刘斌说完就挂了电话,徐北看了看手机,扔一边继续盯着窗户发呆。
刘斌来得很快,进门的时候还拎了一箱易拉罐啤酒,徐北笑了笑:“我不喝。”
“不是给你的,”刘斌把酒放在床边,盯着他看了看,啧了一声,“砸出来一个弯刀,你也不洗洗,这血印子。”
“不想动。”徐北走到卫生间对着镜子看了看,跟压缩版包拯的月牙儿一样,不过口子不深,没再流血了,只有一点点血痂。
他直接洗了个脸,刘斌不知道从哪儿找来创可贴给他贴上,贴了个十字。
“完美!”刘斌观察了一会儿,拿了罐啤酒打开了仰头灌了两口,一屁股坐到他旁边,“哎,现在打算怎么整啊?”
“不知道,”徐北闷声说,“我明天还得上班。”
刘斌没说话,咕嘟咕嘟灌完一瓶酒,把空瓶扔进垃圾桶,叹了口气:“你跟我说实话,你真打算以后就这么着了?认准那一个?”
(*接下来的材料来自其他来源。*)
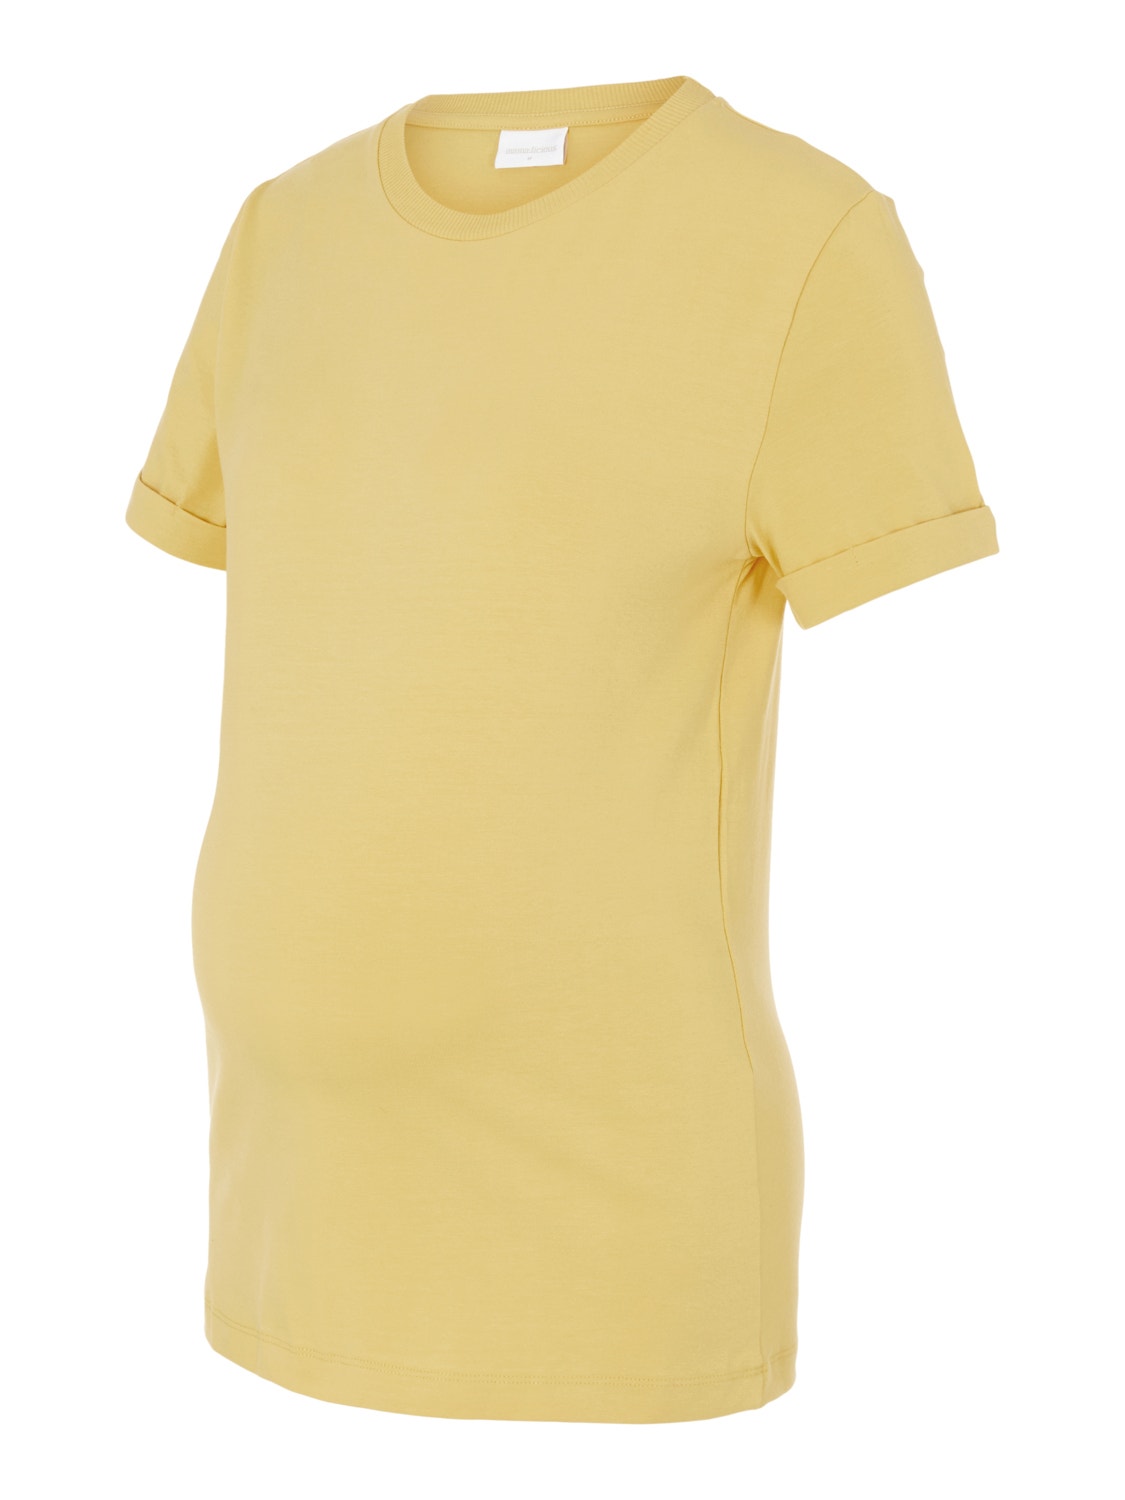 MAMA.LICIOUS Loose Fit Hoodie T-Shirt -Misted Yellow - 20015172

“大概吧,”徐北看他一眼,低头笑了一下,“我也觉得挺神奇的,好像没有什么时候比现在更想跟他在一起。”
这话从徐北嘴里说出来不容易,刘斌瞪着他半天没出声。
“操,”他瞪着徐北骂了一声,“得了,明儿我跟你去见你爸妈,你上你的班,我替你陪着。”
“你说什么呢。”徐北皱眉看着他。
“你爸现在估计也不想看到你,”刘斌说,“这事儿得给人缓冲的时间,硬凑上去没准又得吵。”
“应该不会,”徐北摇摇头,“我家一般吵不起来。”
“唉,也是,”刘斌叹口气,“以前我就特羡慕你,羡慕嫉妒恨。”
“你这是对你家老头子那一顿打耿耿于怀?”徐北笑了一下。
“必然不是,挨打我也没少挨,就……说不上来,”刘斌皱着眉,“有时候觉得他挺高大上的,有时候又挺鄙视他的。”
“人生艰难啊。”徐北躺到枕头上。
“要能一直上大学就好了,人干嘛要长大呢,”刘斌有些感慨地说,愣了愣又撞了他一下,“我说你也太傻逼了,人都要跟你分手了,你还为人家出了个柜。”
“他说分手就分手啊?”徐北哼了一声。
“啧啧,学贼了,贼精,”刘斌歪头看着他,“行了,睡吧。”
“睡不着。”徐北瞪着天花板。
“把你们律师引以为傲的自制力拿出来,”刘斌拍着他的腿,“该干嘛干嘛,瞎想也没用。”
这话说得没错。
他在这儿想一整晚,也想不出老爸老妈心里的想法。
已经这样了,后悔和愧疚都没有用。
徐北坐起来脱掉衣服,拉开被子钻进去卷严实了,闭上眼睛说:“就这样吧。”
结果第二天醒来第一件事儿就是后悔和愧疚,刘斌破天荒醒的比他还早,收拾完就一个劲儿催他快点。
徐北心情有些复杂,他突然不敢去面对老爸老妈了。
都说人在晚上要少做决定,简直是真理。
“别他妈瞪了,”刘斌在一边儿指了指他,“你瞪牙刷牙刷能长出花啊?快点的。”
“我怎么觉得你挺兴奋的。”徐北斜眼瞅着他。
“操,老子替你尽孝还敢摆个扑克脸?”刘斌朝他比个中指出去了。
两人在酒店旁边买了早餐拎上去,敲门的时候徐北感觉心脏又开始咚咚咚跳。
是老妈开得门,徐北没进去,站在门外往里面瞄了一眼,没看到老爸的身影,估计在卫生间。
老妈看了他一眼,没说话。
“姨!”刘斌笑着喊,“好久没见又年轻了啊!”
“刘斌来了,”老妈笑着说,“进来进来,别在外面站着了。”
“我今儿专门陪您跟叔叔来了,”刘斌嘿嘿乐着,顿了顿说,“徐北就算了,他还上班呢,天天忙得我都逮不到人。”
刘斌说完就进去了,徐北站在外面没动,老妈也没动。
“小北……”老妈走他面前,把门在身后合上,只留了一条缝,“我也想了一晚上了,妈就问你一句,你是不是真……换不了?”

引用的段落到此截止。